Output each line of the listing exactly, though pictures are not to appear.

◆ Collected material
▼▼▼

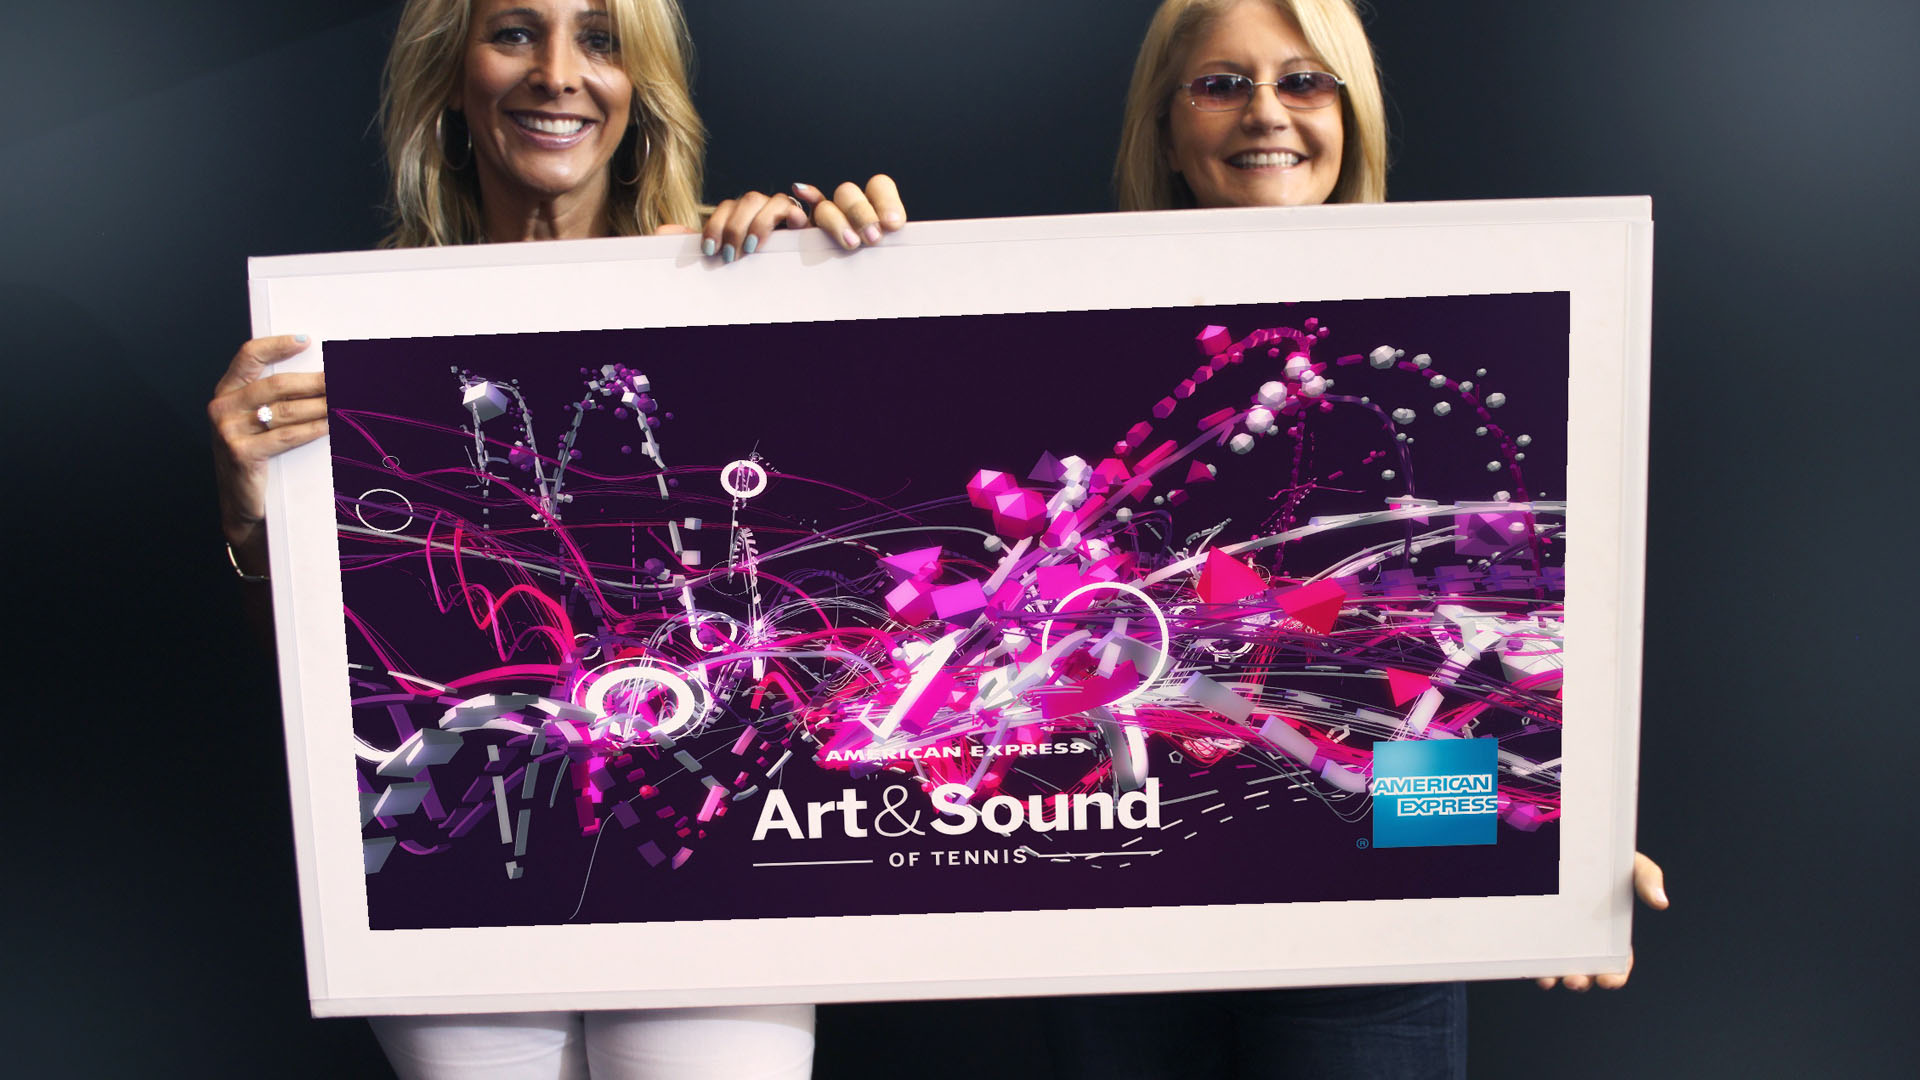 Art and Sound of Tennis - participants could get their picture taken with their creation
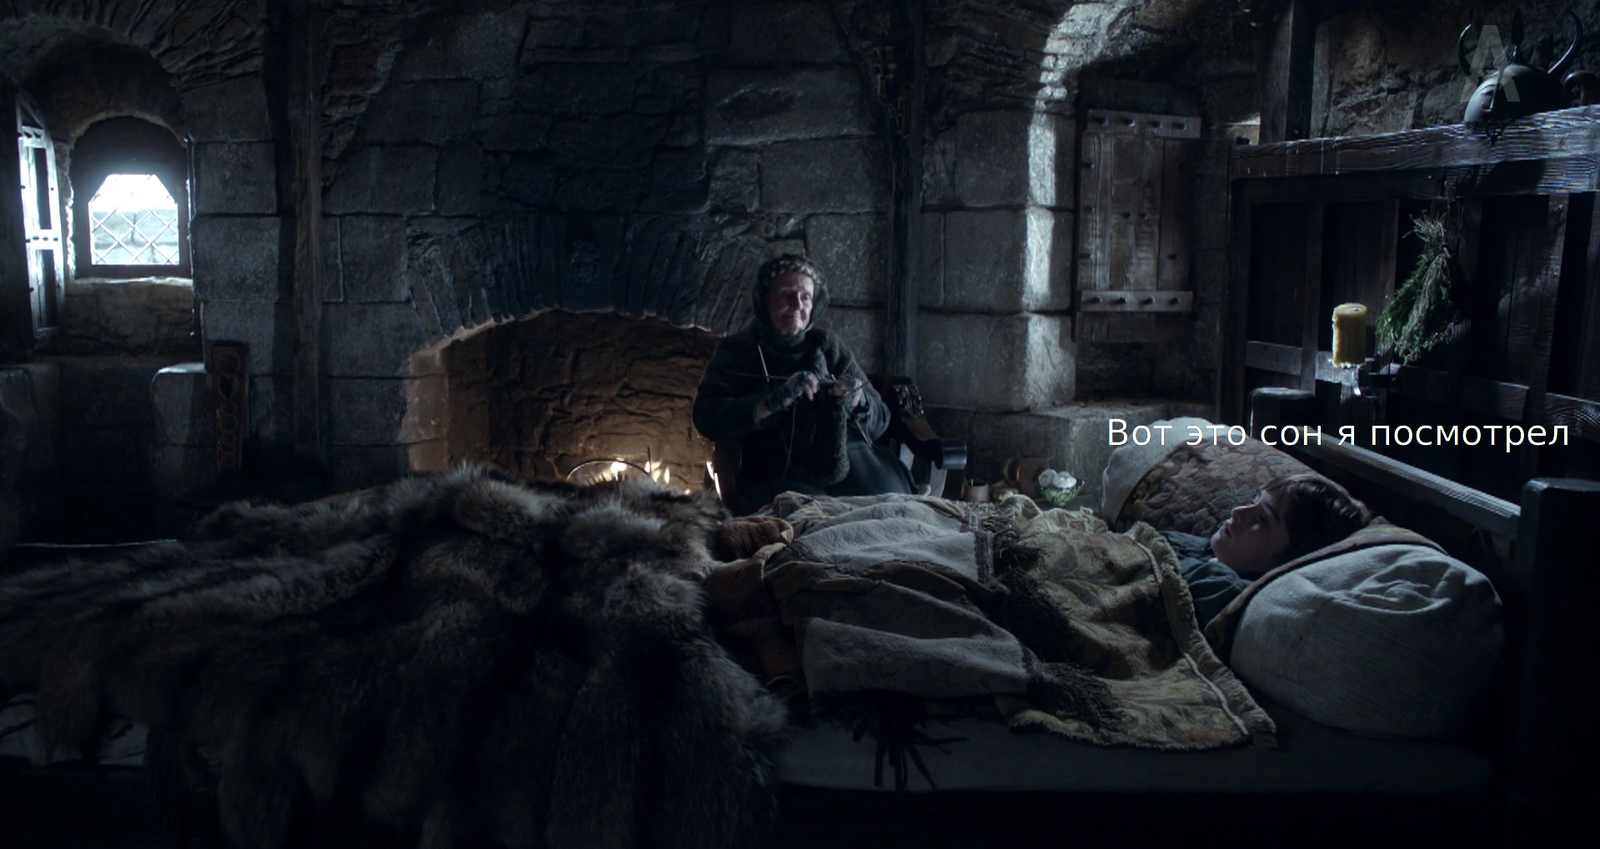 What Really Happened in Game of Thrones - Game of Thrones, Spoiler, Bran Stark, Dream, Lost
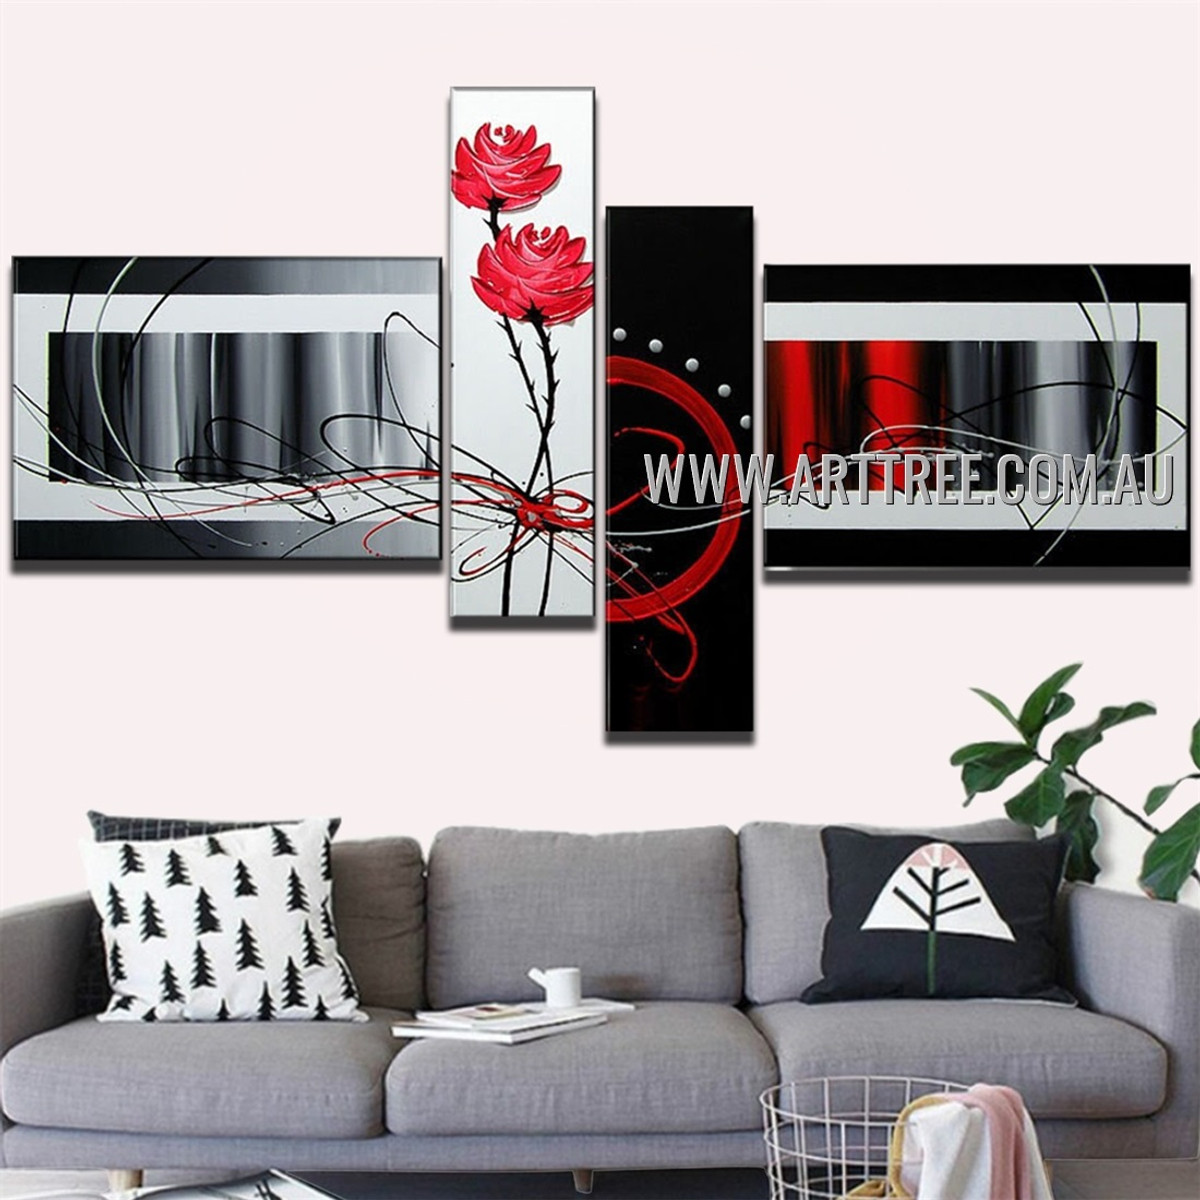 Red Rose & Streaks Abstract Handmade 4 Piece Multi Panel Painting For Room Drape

▲▲▲

◆ Your solution
 Art and Sound of Tennis - participants could get their picture taken with their creation
 What Really Happened in Game of Thrones - Game of Thrones, Spoiler, Bran Stark, Dream, Lost
 Red Rose & Streaks Abstract Handmade 4 Piece Multi Panel Painting For Room Drape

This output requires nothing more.